Now, because I nurture me, I feel like a better parent than I was before. Sure, I'm a *different* parent. There are lots of things I wish I could do for my girls. Because of lack of time or money or the fact that there's only one of me and two of them, I can't always do those things. But you know what? They're doing JUST FINE. In fact, they're blossoming into two intelligent, mature, sweet, caring, independent young girls who appreciate the things I AM able to do for them.

I am a better me to my man too. We're both parents but we take time for each other. We both realize the value in staying connected to each other. We both recognize that date nights MUST BE HAD. Time together is very important. Time alone, even from each other, helps us stay sane.

The sad part is that each of us had to move on from past relationships where we *didn't* do that in order to see the value in it.

And come to think of it, I think losing yourself PERIOD is probably the leading cause of relationship demise. Many of us, parents or not, lose ourselves in our partner and forget to nurture ourselves.

***

Ya know how, when you're on an airplane and they're going over the safety features of the plane, they always say,

"In case of emergency, oxygen masks will drop from overhead. For those traveling with small children, be sure to fasten your own mask before assisting your child."

And that whole "it takes a village" to raise a child?

Well, hey, as cliche as they sound, I've come to realize they're true.

  • Take care of yourself first or you're no good to your child or anyone else. Find an outlet of pleasure that isn't harmful to your relationship with your partner or yourself. Eat healthily. Exercise.

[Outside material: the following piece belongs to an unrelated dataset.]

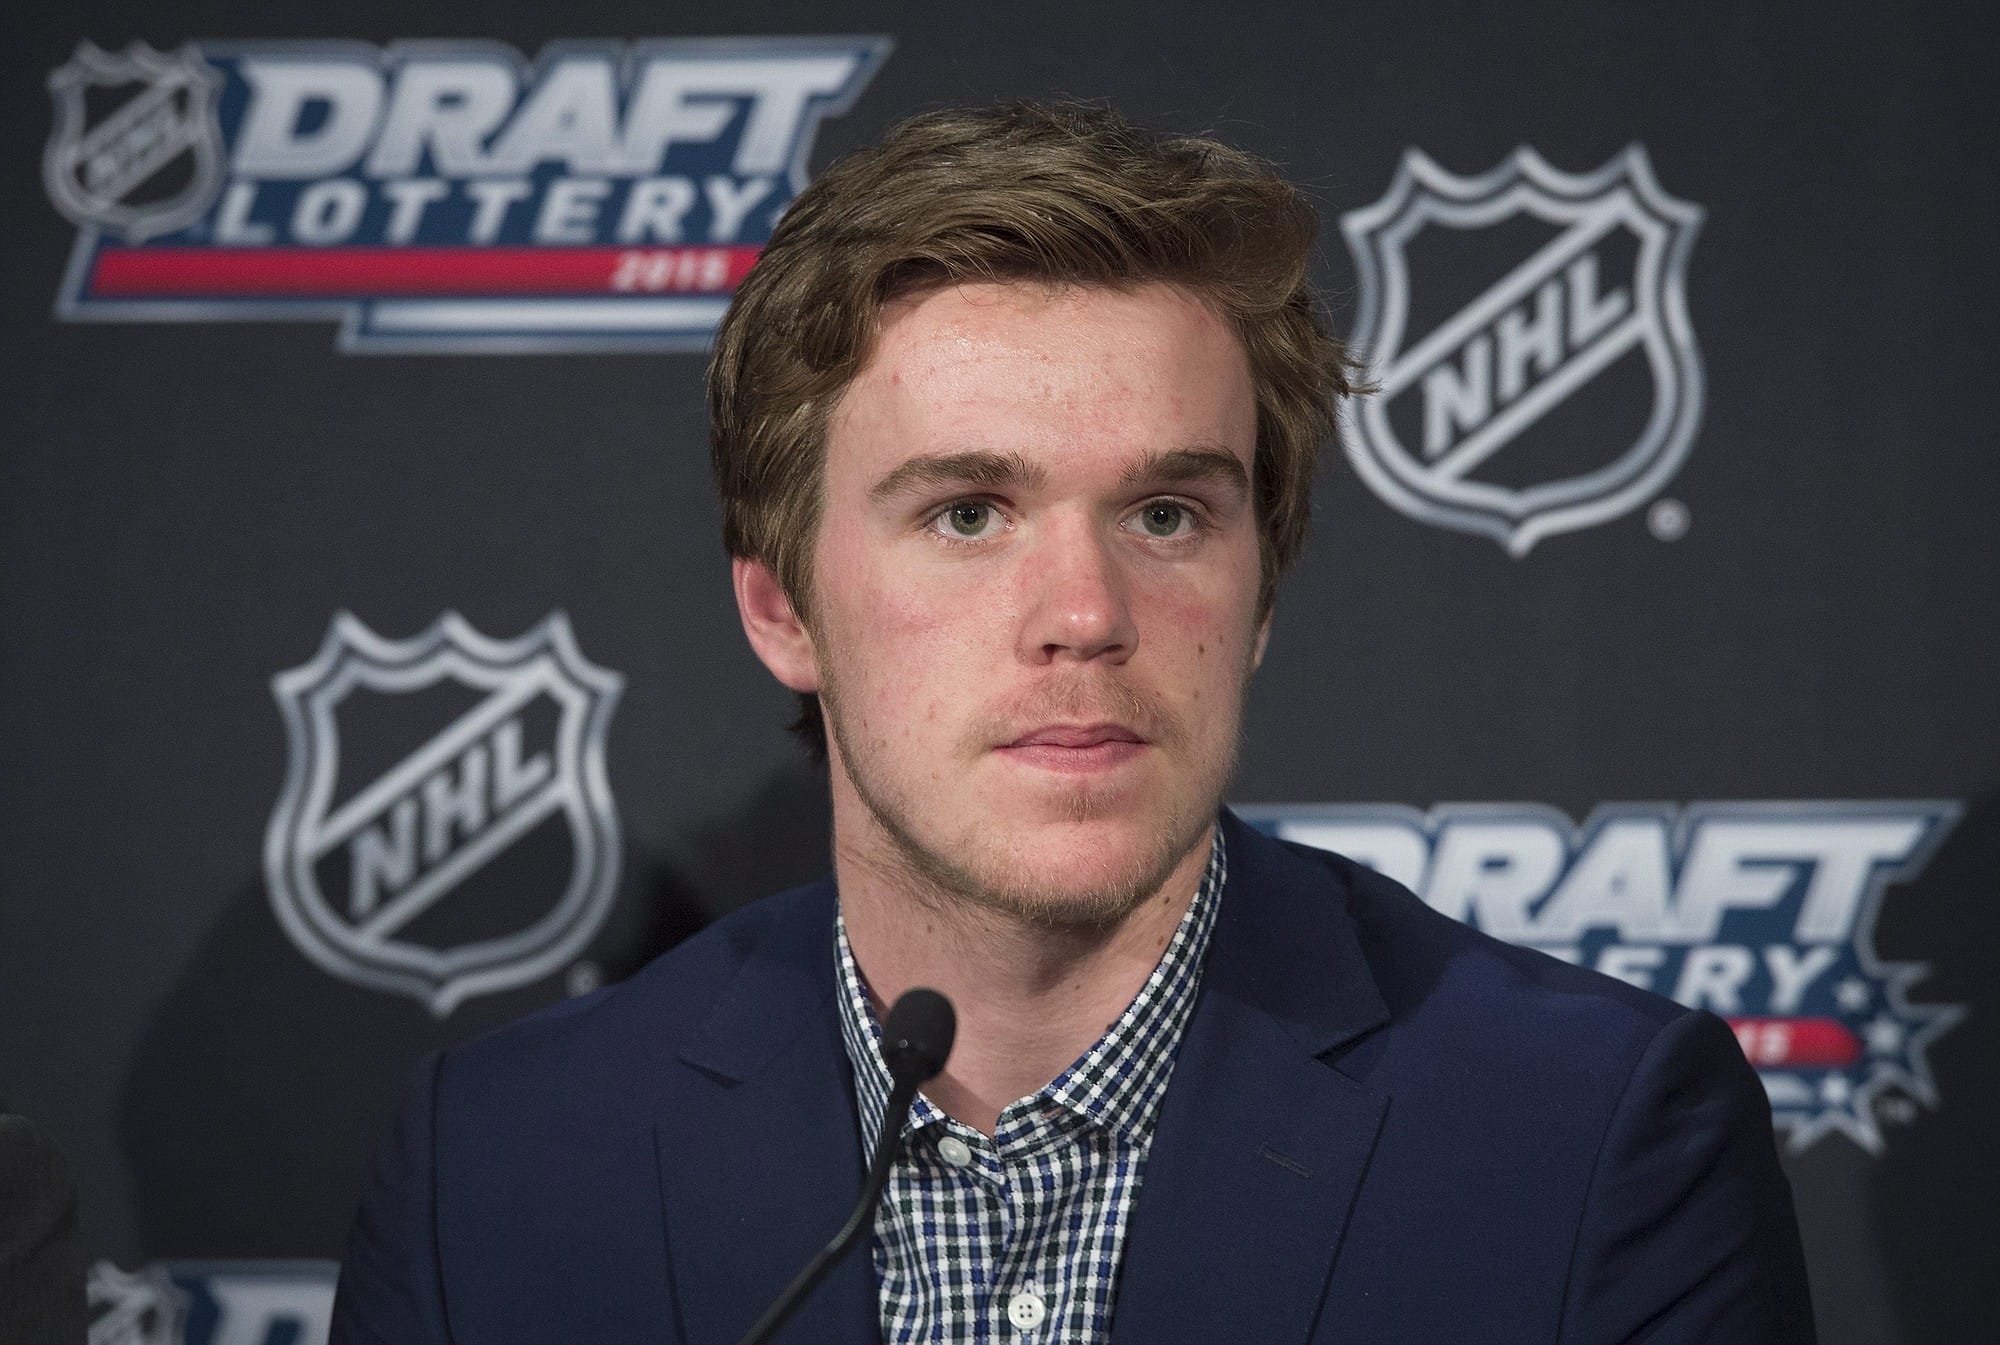 Connor McDavid speaks to reporters in Toronto on Saturday, April 18, 2015. The Edmonton Oilers have won the NHL draft lottery and the right to select Connor McDavid with the first pick in the draft.

  • Ask for help. Then ALLOW others to help you.

  • Let some things go. I promise the mess will still be there tomorrow. Even better than that, reward your children for picking up their own messes.

  • Say "no" sometimes. To those things that push you into overwhelm mode. To your children. I promise they'll survive. 

  • Laugh more. Alone. With your partner. With your friends. Then you'll find yourself laughing more with your children.


These things take effort on the part of BOTH parents. Unfortunately, we're not taught these things. We're not warned. We're not even aware.

I'm no divorce counselor but I do know that if more parents of small children did these things, I think the divorce rate would decrease and there would be a lot more happier people.

Big people AND little people.


***Coincidentally, I wrote this blog post and then saw Shrek Forever After that evening. The movie's focus was this exact same topic.***

13 comments:

  1. My mom raised me on her own after I turned 9.. she gave up EVERYTHING for me. Her social life. She has NEVER had a boyfriend since her and my dad split. Her life revolved around ME. That also meant that when she was stressed out and frustrated, it was ME she took it all out on.

    I have said this before, including to my mother: I REFUSE to end up like her. My mom focuses her attention now on my kids, because she's lonely. She has nobody else to give her attention to. And I notice her sometimes doing the same things to them, that she did to me as a kid.. and I nicely tell her to step back a step or two, and let me be the parent.

    As for ME as a parent? Because I dealt with an overwhelming single mom, I make time for ME. Whether it's going out to the barn for a few hours, or getting together with friends for drinks and dancing at a club. I have to have ME time - it keeps me sane, because I just spent a few hours blowing off steam and de-stress. And while my kids hate me going out without them, I feel they will be grateful in the end - because they'll never have to deal with me wanting to explode because of dealing with too much stress, and not being able to get rid of any of it.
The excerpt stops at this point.